- **What is needed**
Wherever a picture appears, skip it and retype the rest of the data exactly.

- **Supplied data**
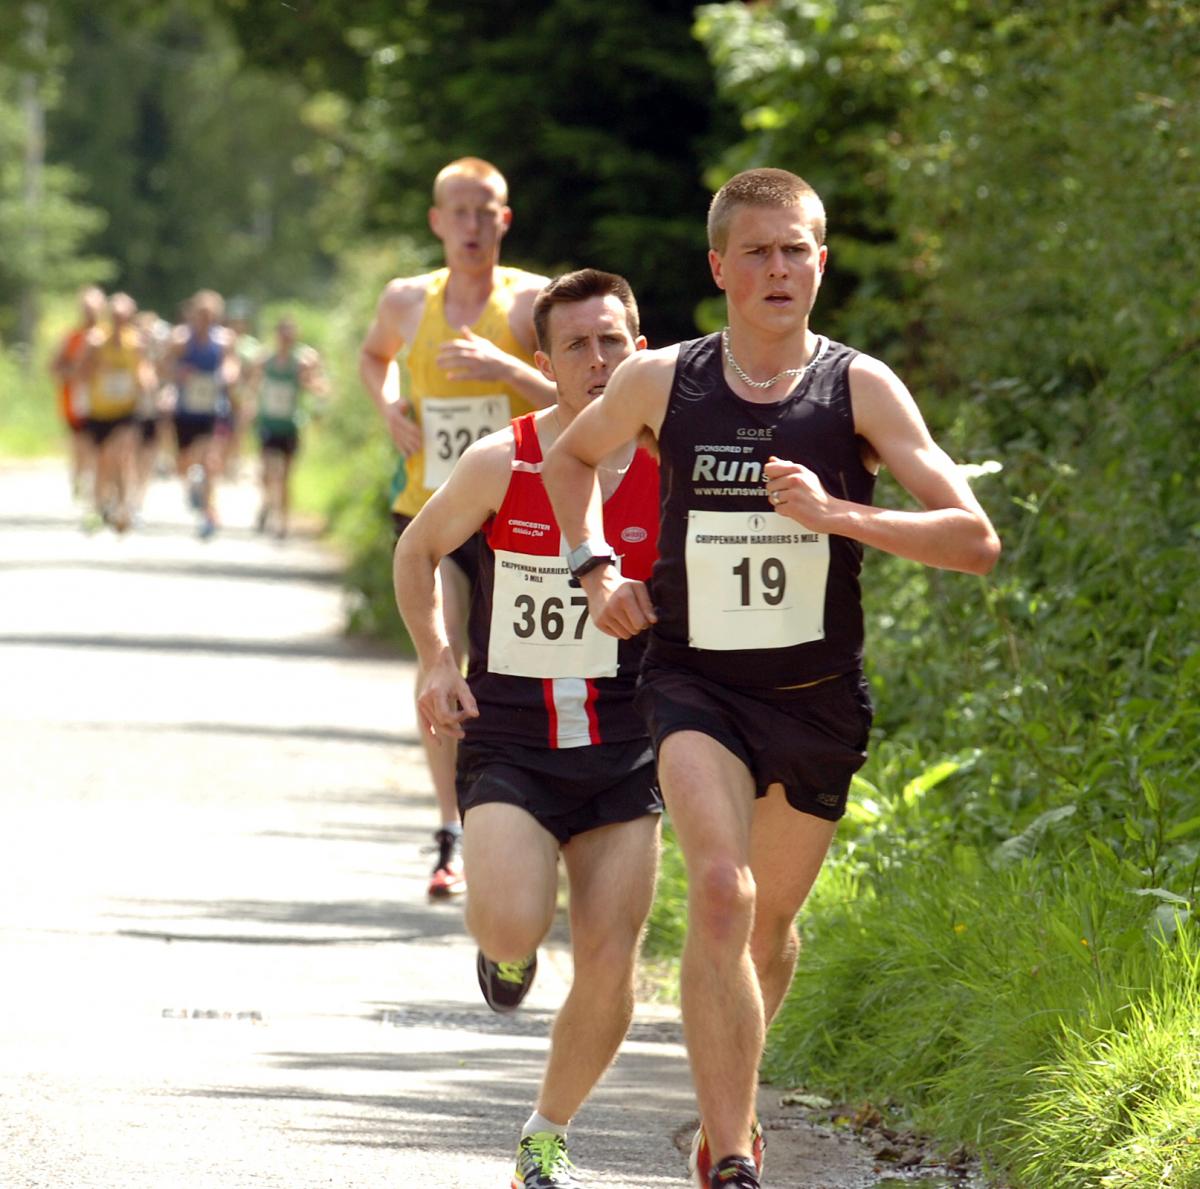 Chippenham 5 Mile Race
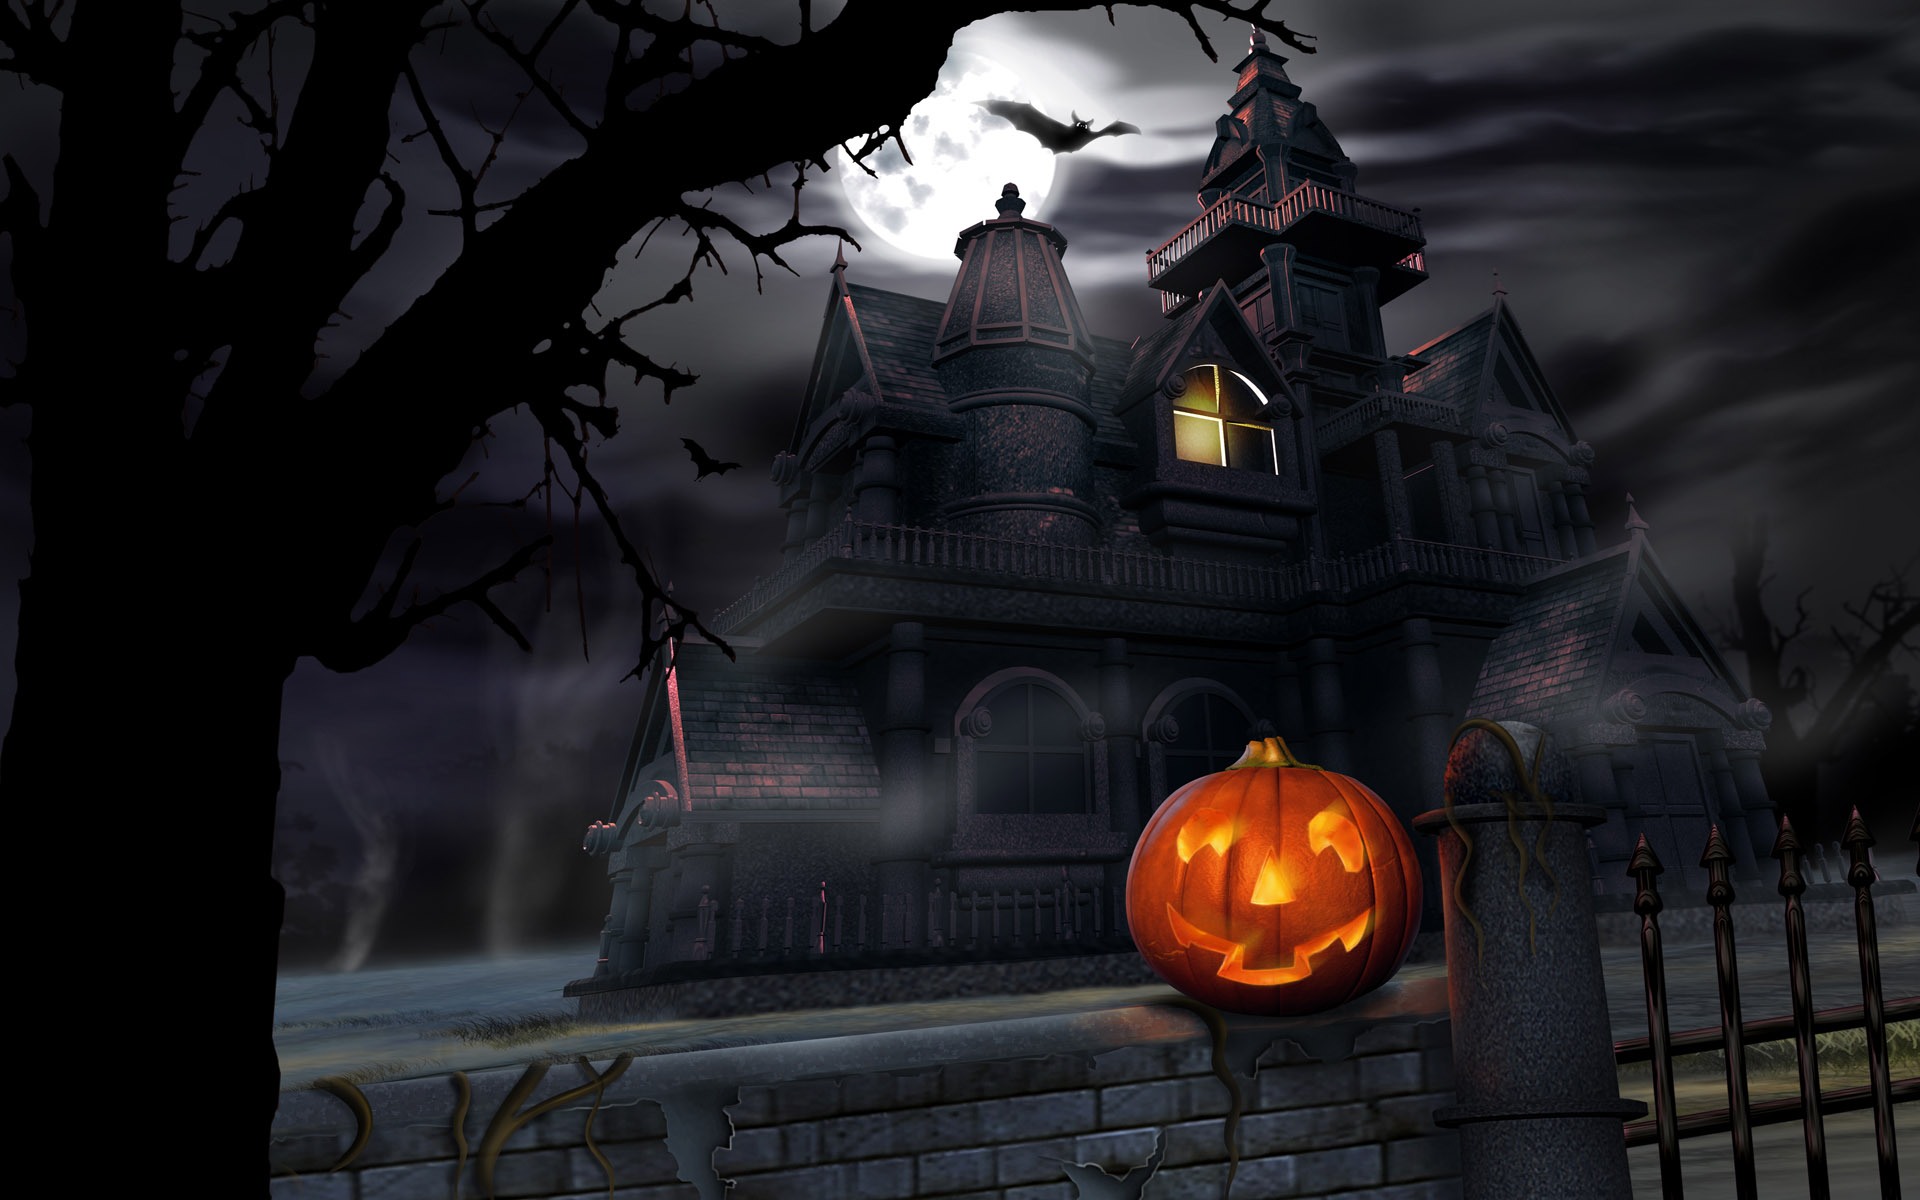 Haunted House Pumpkin desktop wallpaper
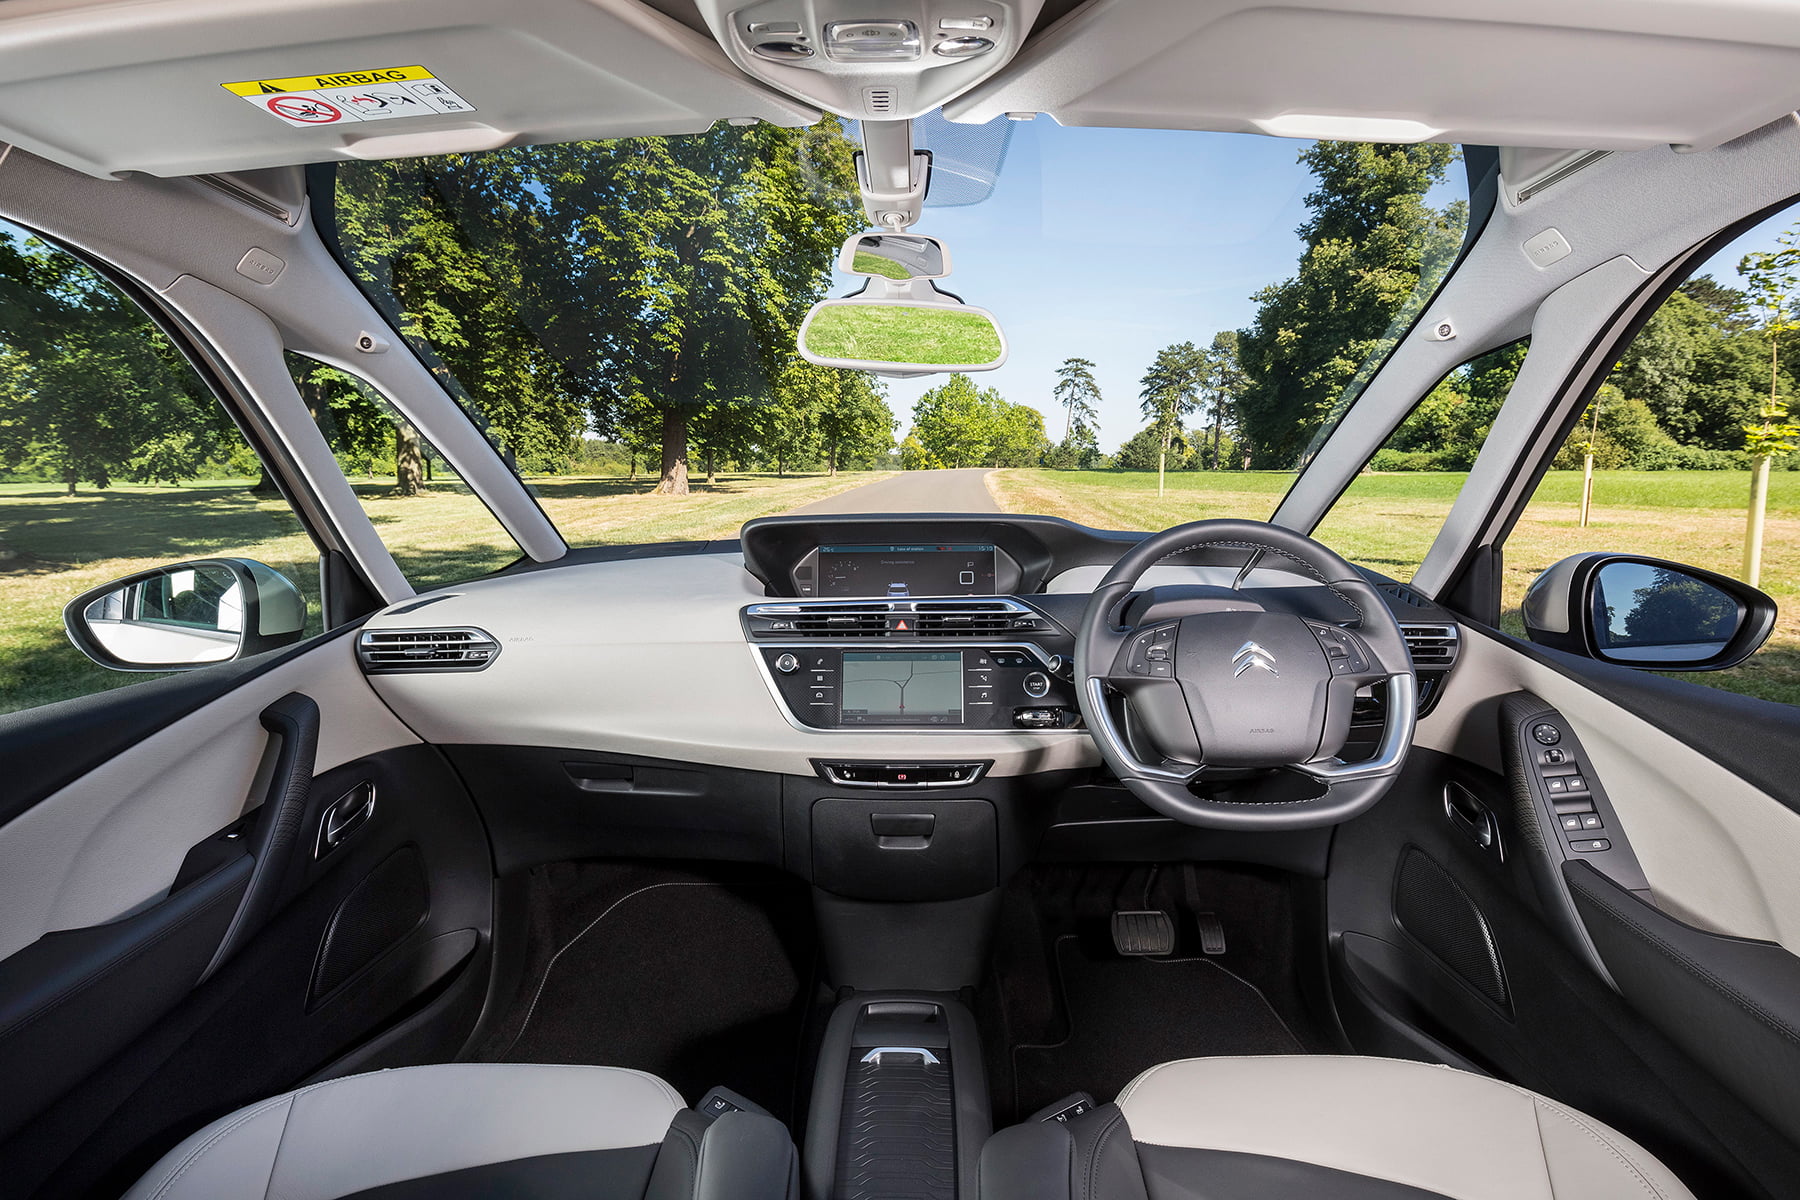 Citroen Grand C4 SpaceTourer (2018 onwards) - interior view

- **Task solution**
 Chippenham 5 Mile Race
 Haunted House Pumpkin desktop wallpaper
 Citroen Grand C4 SpaceTourer (2018 onwards) - interior view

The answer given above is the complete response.